_GIVEN RECORDS_:
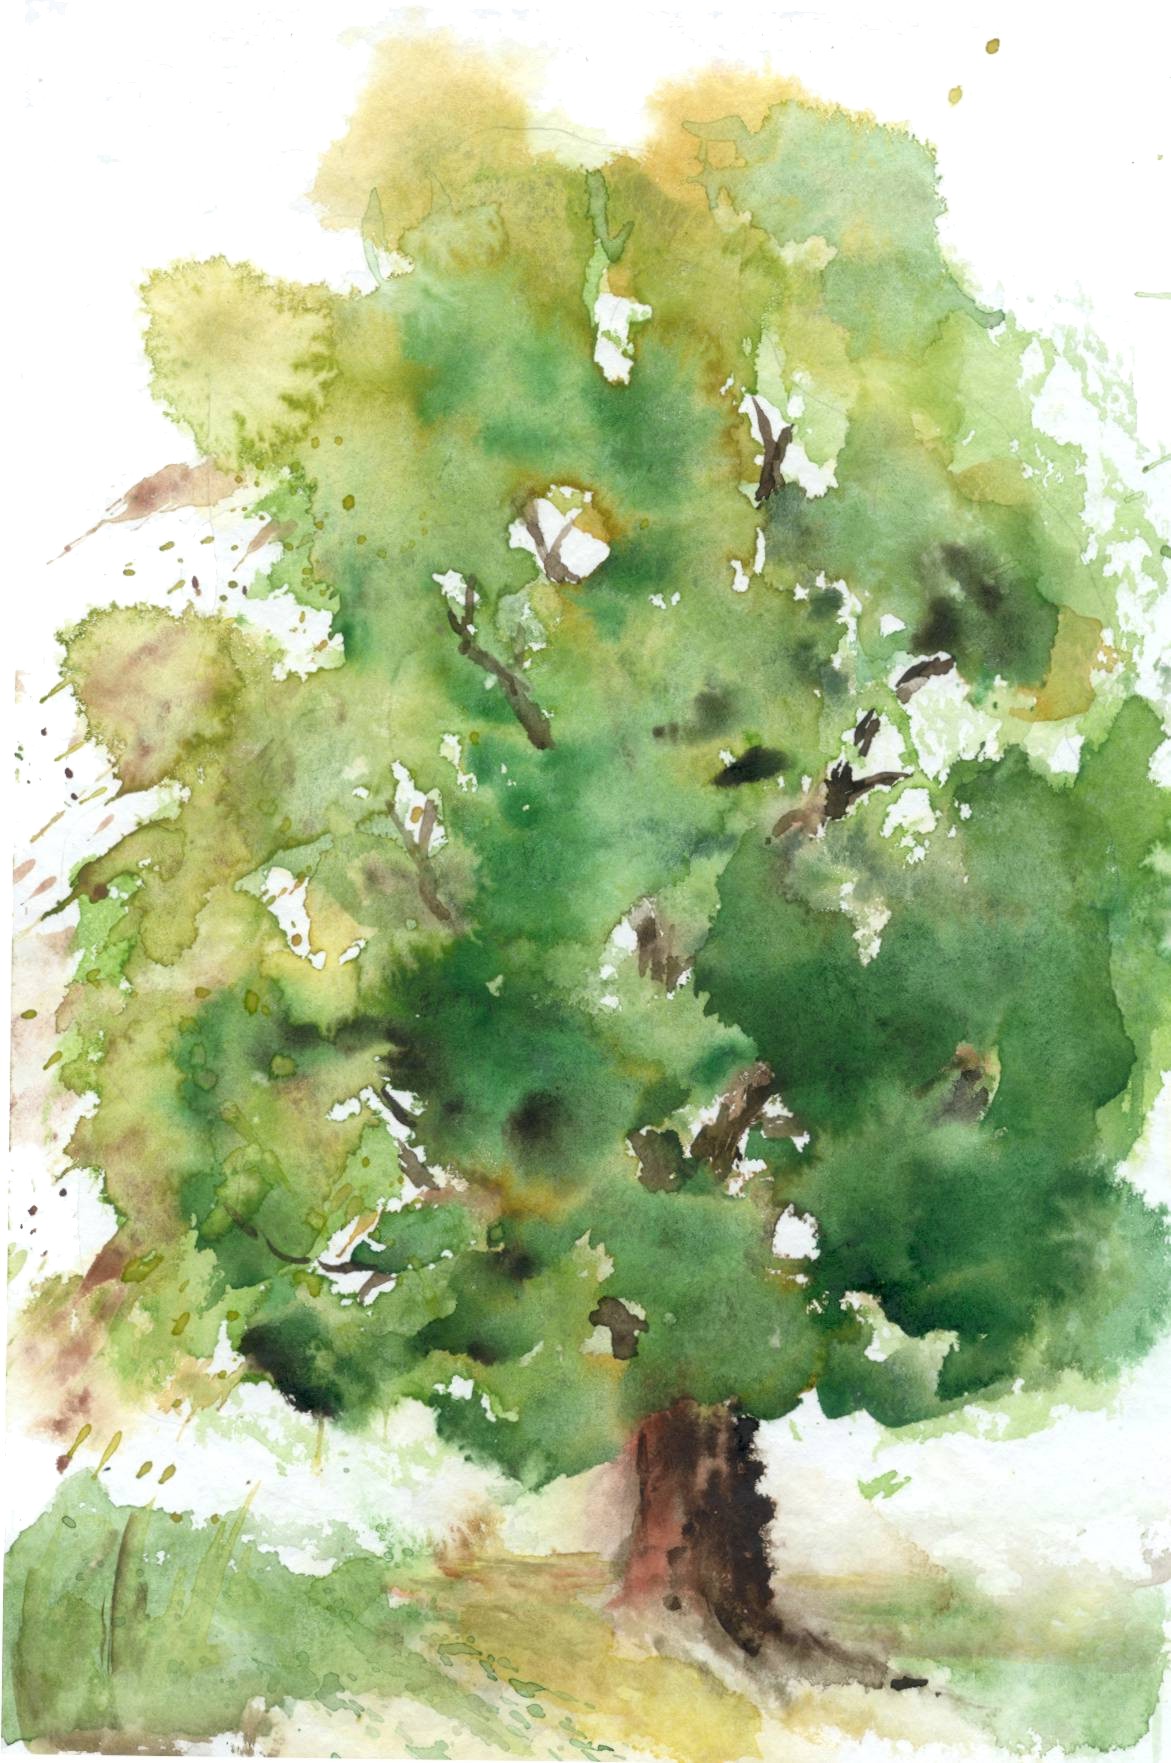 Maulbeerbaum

--

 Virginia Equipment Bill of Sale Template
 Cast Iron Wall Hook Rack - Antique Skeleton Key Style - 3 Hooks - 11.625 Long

_PROBLEM_: Look above for the line containing "Virginia Equipment Bill of Sale Template". Output from there through the line containing "Cast Iron Wall", exactly and inclusively.

_TASK RESULT_:
 Virginia Equipment Bill of Sale Template
 Cast Iron Wall Hook Rack - Antique Skeleton Key Style - 3 Hooks - 11.625 Long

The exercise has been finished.